Learning How to Love

How do I take the first step to deal with loneliness? By learning to love. But first we must examine the paradox to love.

When we are lonely, we feel like we are in an unbearable prison. By its very nature of loneliness is just like the stomach ache – the attention centers only on ourselves. So we try and fill this emptiness by finding others who will give us that very love we need.

People often try to do things for others to gain their love. They barter trade favors with each other thinking that they are loving people. We know that our loneliness can only be filled by the love of others and therefore we must feel loved by others.

The paradox of love is this:

If we seek to fill the void of our own loneliness in seeking love from others, we will inevitably find no consolation but only a deeper desolation. In other words, if we seek the love that we need, we will never find it.

When a person orients his life towards the satisfaction of his own needs, when he goes out to seek the love which he needs, he is basically self-centered, no matter how pitiful he is. As long as he focuses on himself, his ability to love will always remain stunted.

What is the solution then?

If a person seeks not to receive love, but rather to give it without strings attached, he will become lovable and he will most certainly be loved by others in the end.

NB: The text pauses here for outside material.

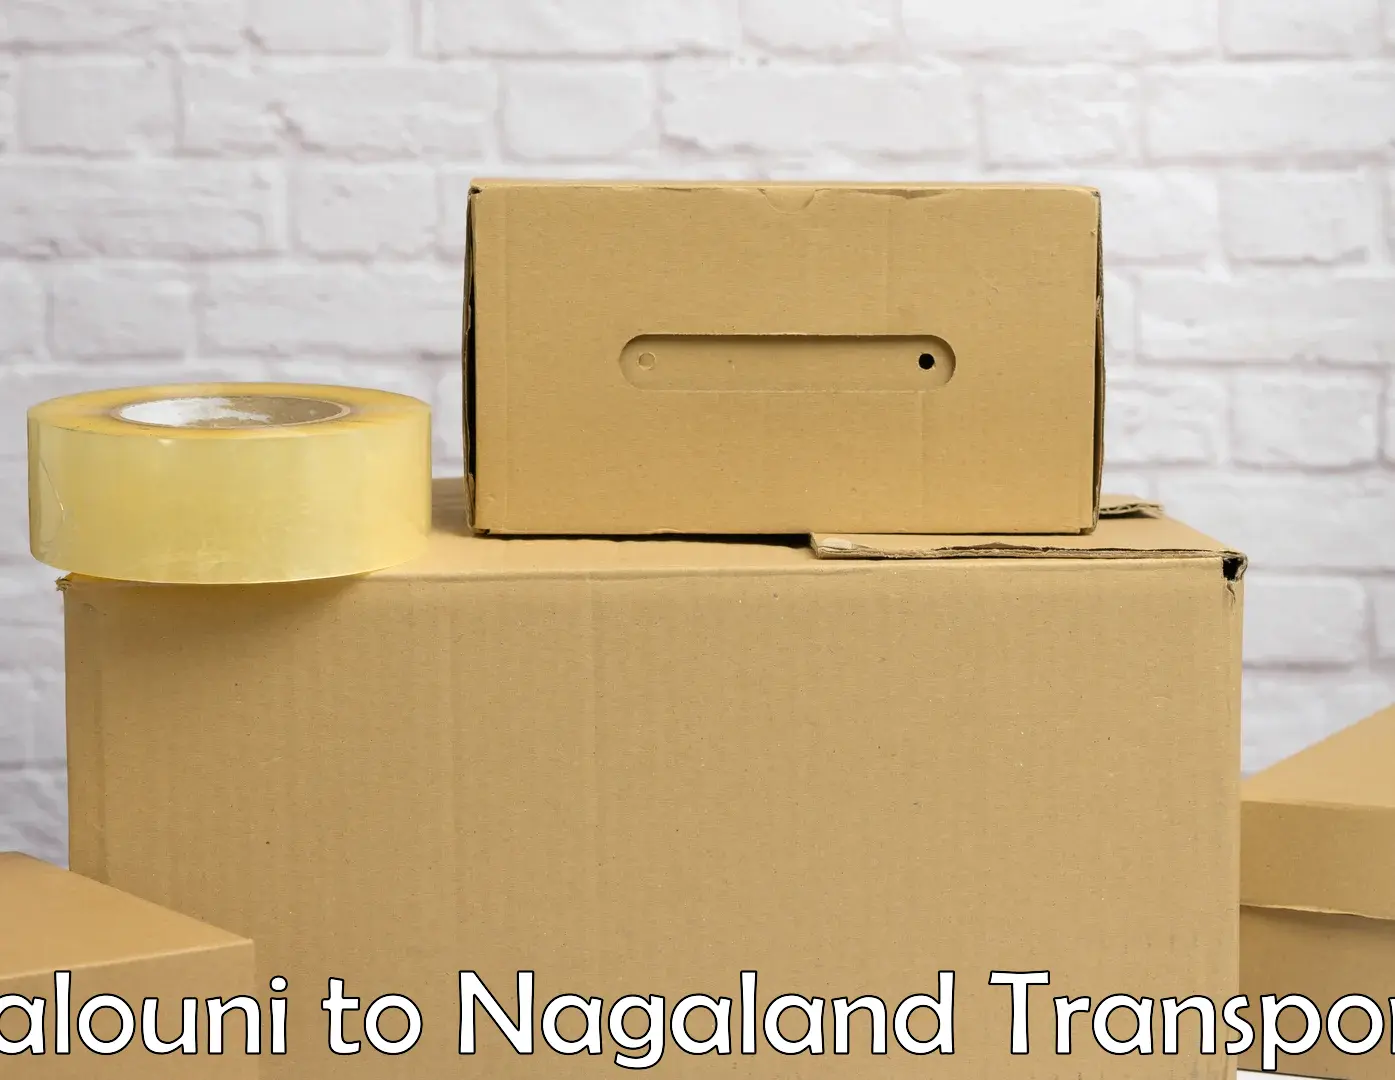 Daily transport service Salouni to Nagaland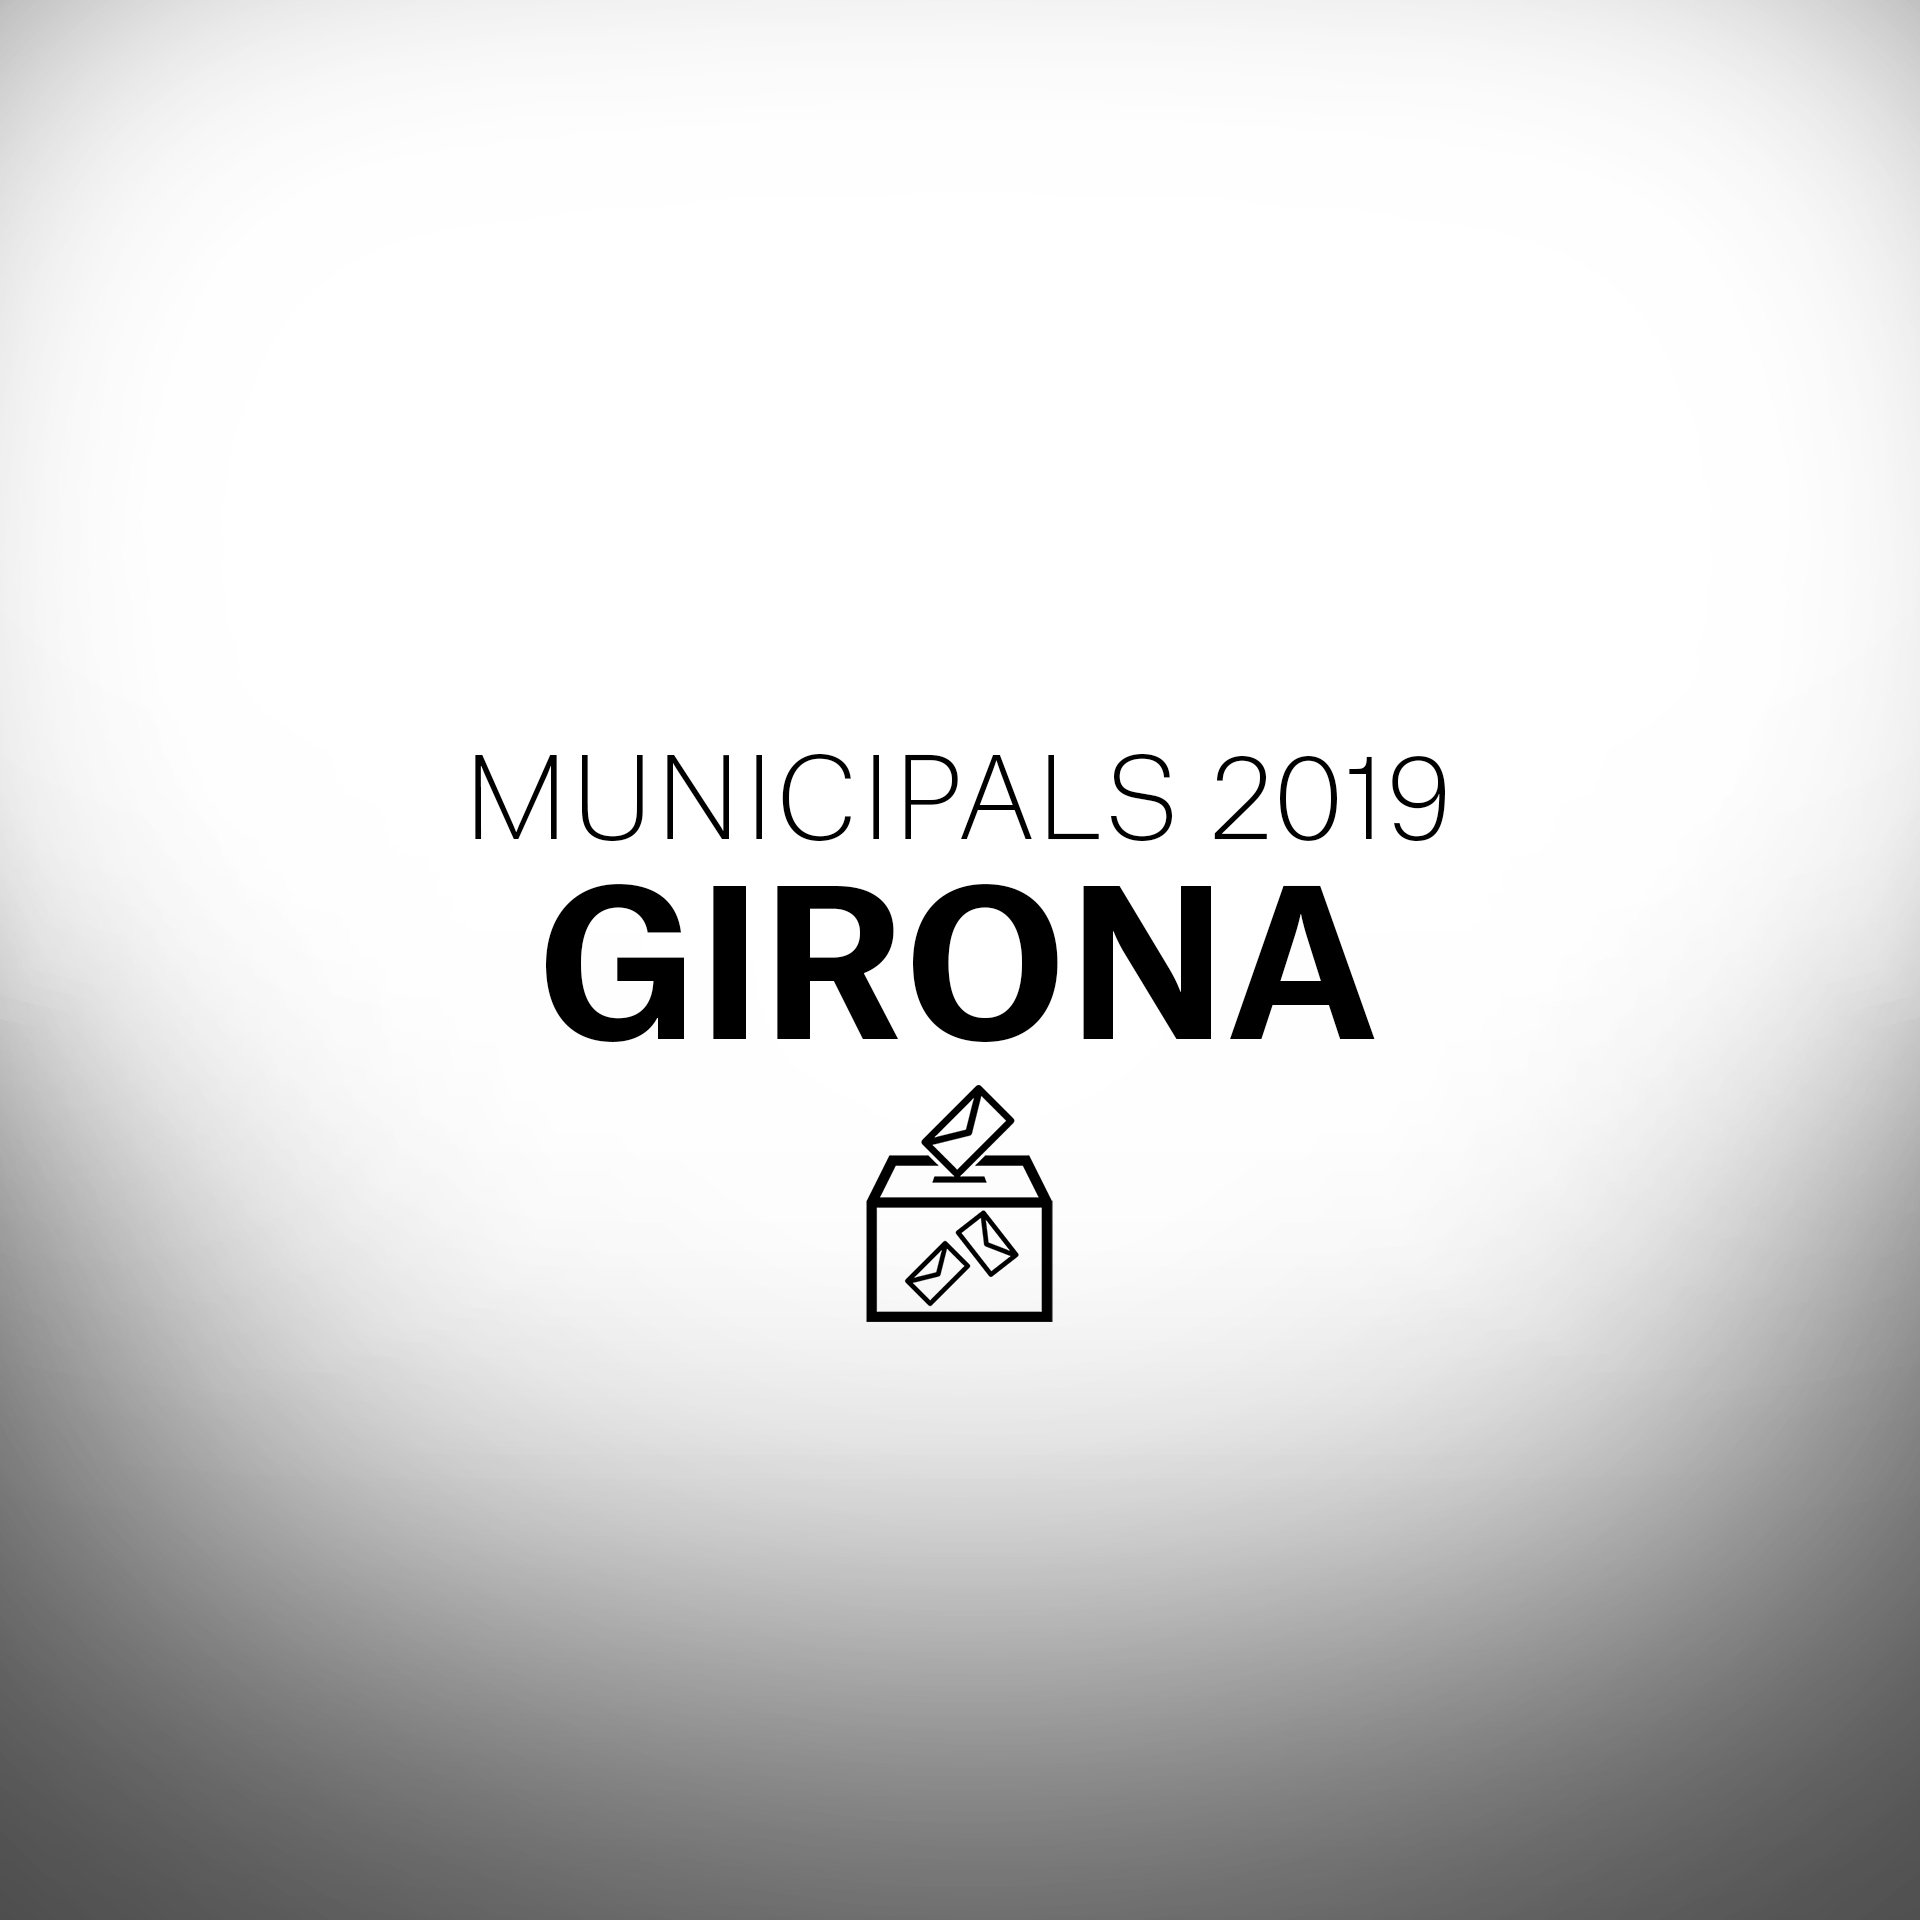 Què passarà a les eleccions municipals a Girona?

We must stop being concerned with ourselves and begin to be concerned with others. Beginning with the end in mind – which focuses the results of the act of love others without concerned with self-gain, is the first step to gaining love and easing the pain of loneliness.

Every single person on earth has some capacity to love.

We all have some ability to focus the attention off ourselves to the needs and concern of others. It is the extent that we are willing to give, are we able to receive that amount of love from others.

Deciding to love others with no strings attached is like a donation (we don’t expect anything in return, not even a satisfied ego or relieved guilt), not a barter trade. When we ask others, “What have you done for me?” we have failed to love.

Even if at the beginning you are only able to love little, you will be loved little. That very love will empower you to grow and produce more love and in return receive greater love from others.

But always remember that in making this self-donation or self-sacrifice, our minds must always be focused away from ourselves or it wouldn’t work.